All in all, the Intelliarts team created a ChatGPT-enabled solution for AI document extraction. This AI assistant receives the user input, either a question or request. Additionally, the solution integrates chatbot-powered data extraction, allowing the chatbot to efficiently retrieve and process information, streamlining the extraction process for more accurate and relevant results. Based on the input, the system employs embedding routing to understand the nature of the request and categorize it as:

Report: For the first type, the system will be looking for answers in the knowledge base, using an RAG approach.
Table: If the request intends calculations or data retrieval from tables, we route it there. A specific prompt-driven system then decides what tables are relevant and selects an agent to handle the request.
General: For history-based questions or tasks, we use a general-purpose agent. This agent can restrict the scope of questions or handle requests like summarizing sources, etc.

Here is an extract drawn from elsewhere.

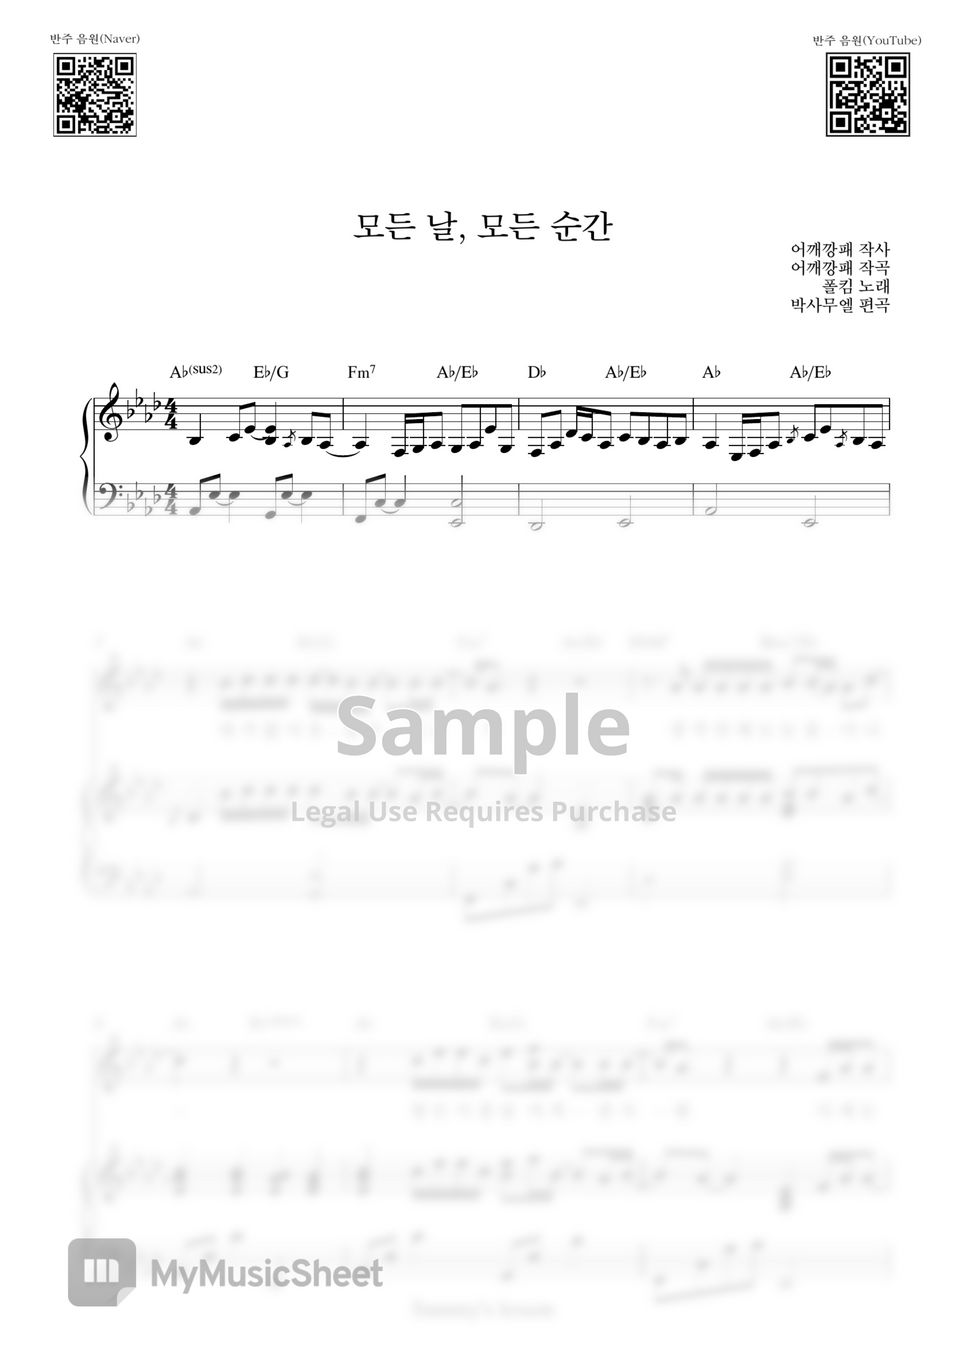 폴킴(Paul Kim) - 모든 날 모든 순(Every day, Every moment)) (Piano Cover) by Samuel Park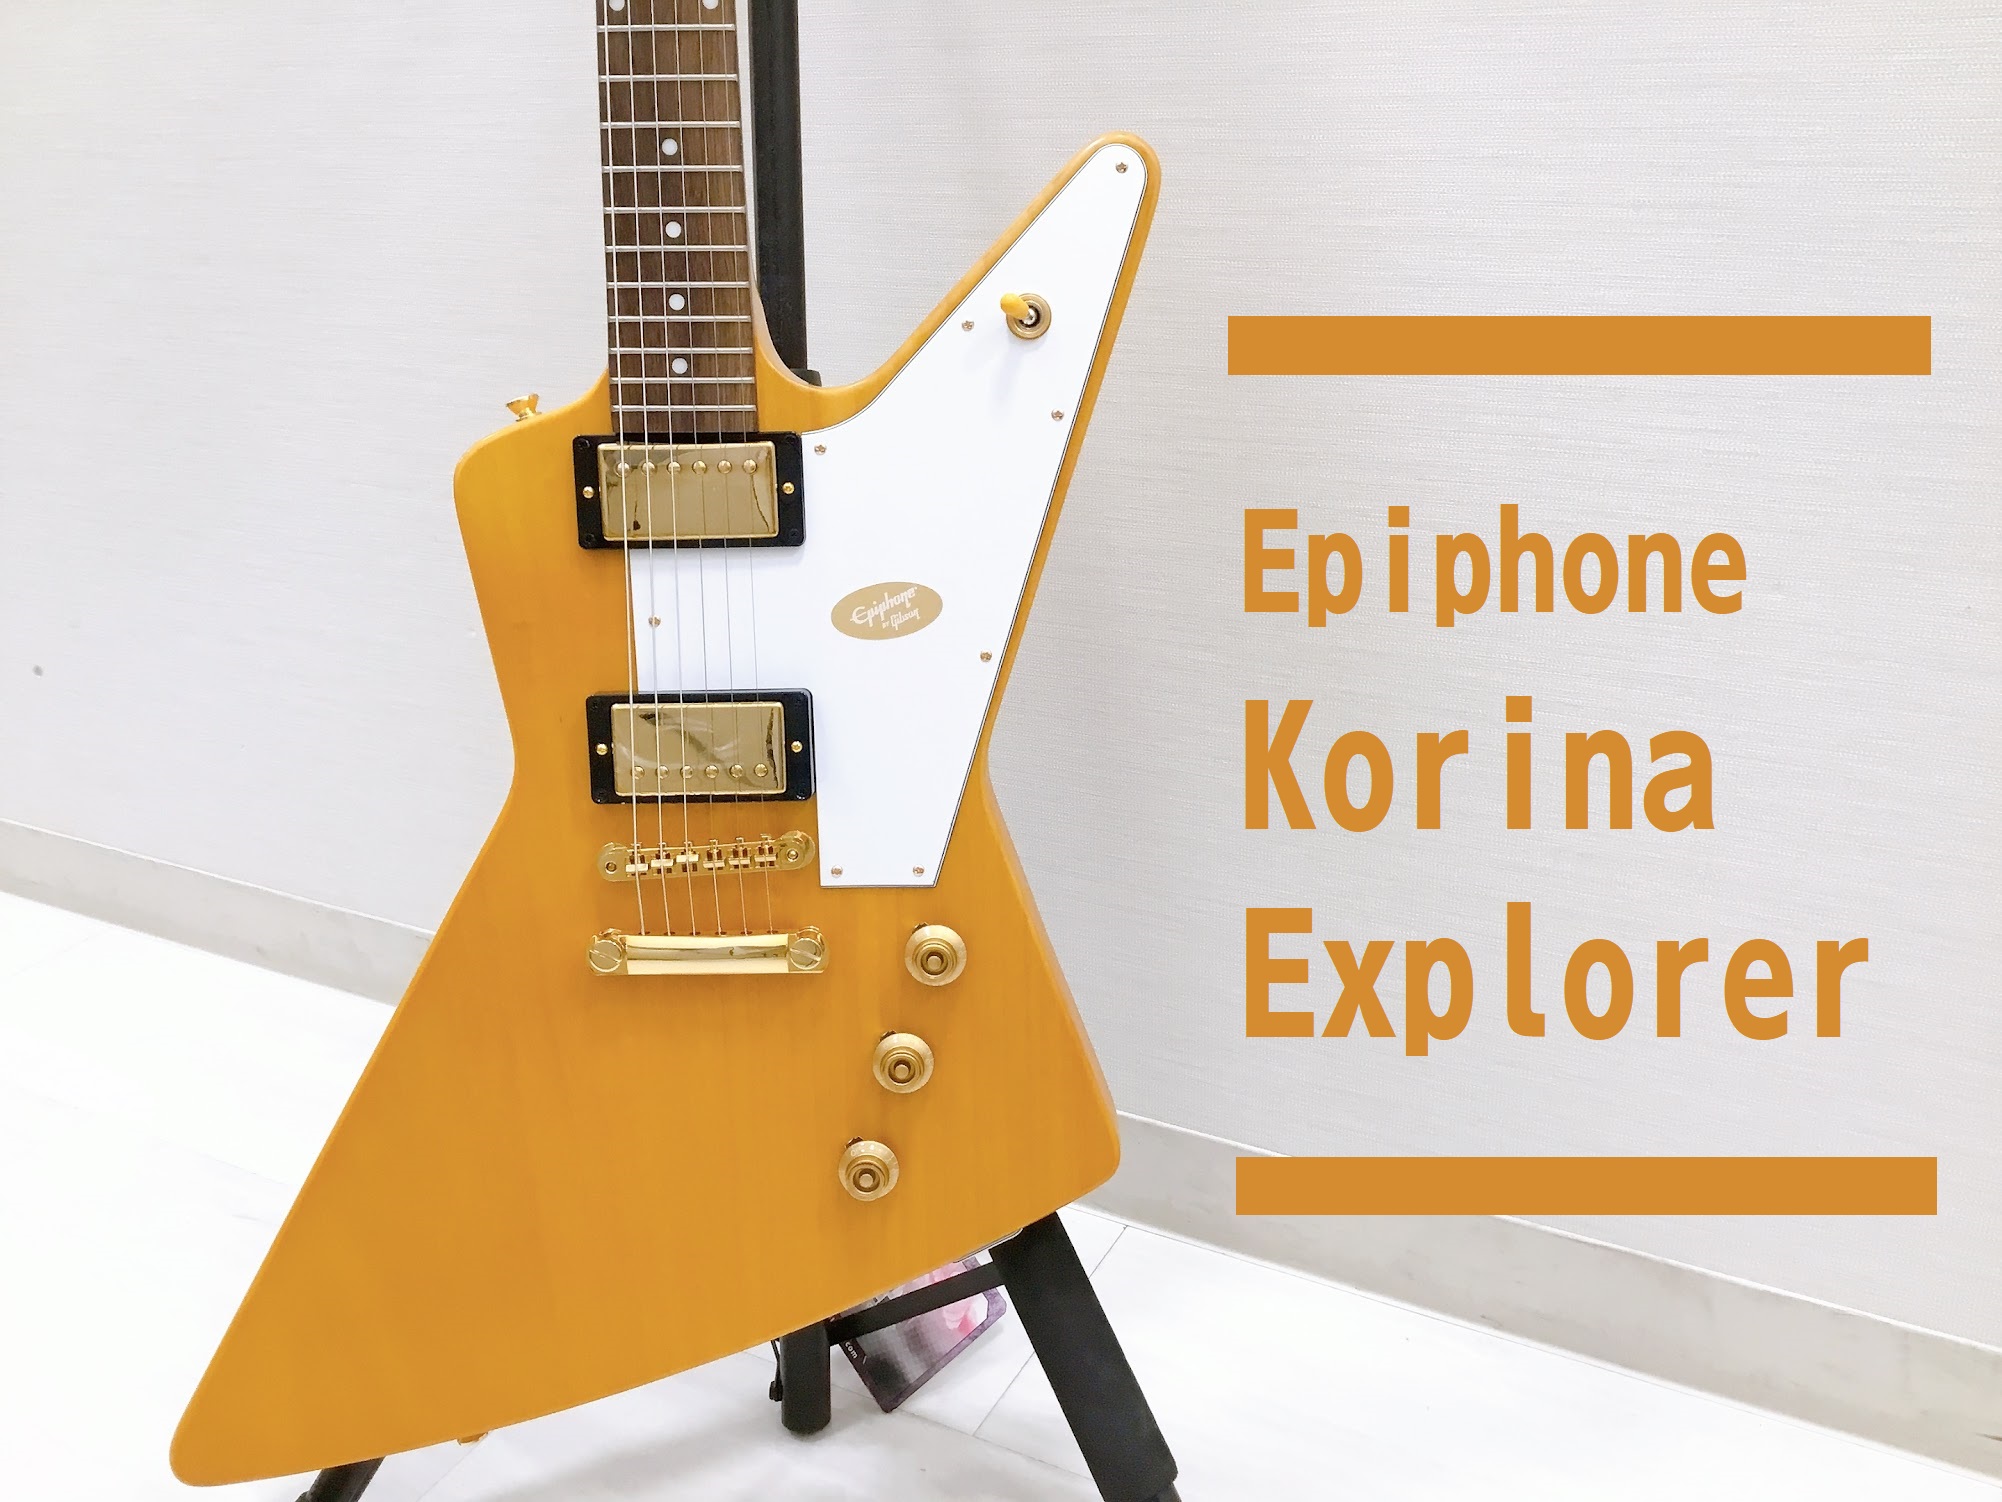 島村楽器大分店に、Epiphone(エピフォン)のエレキギター「Korina Explorer Aged Natural」が入荷致しました！ 1958年当時の超レアなギブソン・オリジナルモデルと同様に、コリーナ・ボディとコリーナ・ネック、ボディとネックの強固な接合を実現するロング・ネックテノン等、特 […]

Besides, the chatbot understands the context of a conversation and saves up a chat history. The user can switch between different types of requests like first asking about tables and then returning to articles. We also trained the model so it mimicked our partner’s tone of voice. The chatbot should sound polite and professional. But like the NGO, it also emphasizes on victims instead of guns or criminals in its communication.

Business Outcomes

AI chatbots are gaining popularity in business today since they allow employees to delegate repetitive tasks and free up time for more creative jobs. Custom AI assistants are an even better solution as they’re tailored to the specific needs of the company. Respectively, our partner pointed out a list of gains received from using the newly developed AI chatbot data extraction system, which made retrieving data more efficient and aligned with their specific requirements:

Automation: Our chatbot works really fast and, therefore, automates routine tasks effectively. If earlier an employee had to look through tons of articles to find the necessary information, now the data is at their fingertips. The employee can access the right article in a few minutes and even summarize its key points if needed.
Better productivity: With less time spent on access and analysis of information, the company can expect increased productivity. As mentioned by the customer, the chatbot saves hours of work, and the employees have time to focus on other tasks.
Streamlined decision-making: Indirectly, the AI assistant helps to make decisions faster and more data-driven. Employees can go through much more material in less time. So, they’re more informed about the topic and theoretically can make better decisions.
Personalization: The chatbot we built was developed specifically for our partner. So, it suits perfectly for the tasks performed in this industry and company. It also mimics the NGO’s tone of voice and overall adheres to its policy.
Ease of use: No special training is required to use the solution. It has a user-friendly and intuitive chat interface, which we’re all familiar with thanks to social media and messengers.
Integration with existing systems: The chatbot isn’t a standalone tool. It’s integrated with the partner’s existing system, which enhances the company’s workflow rather than disrupting it.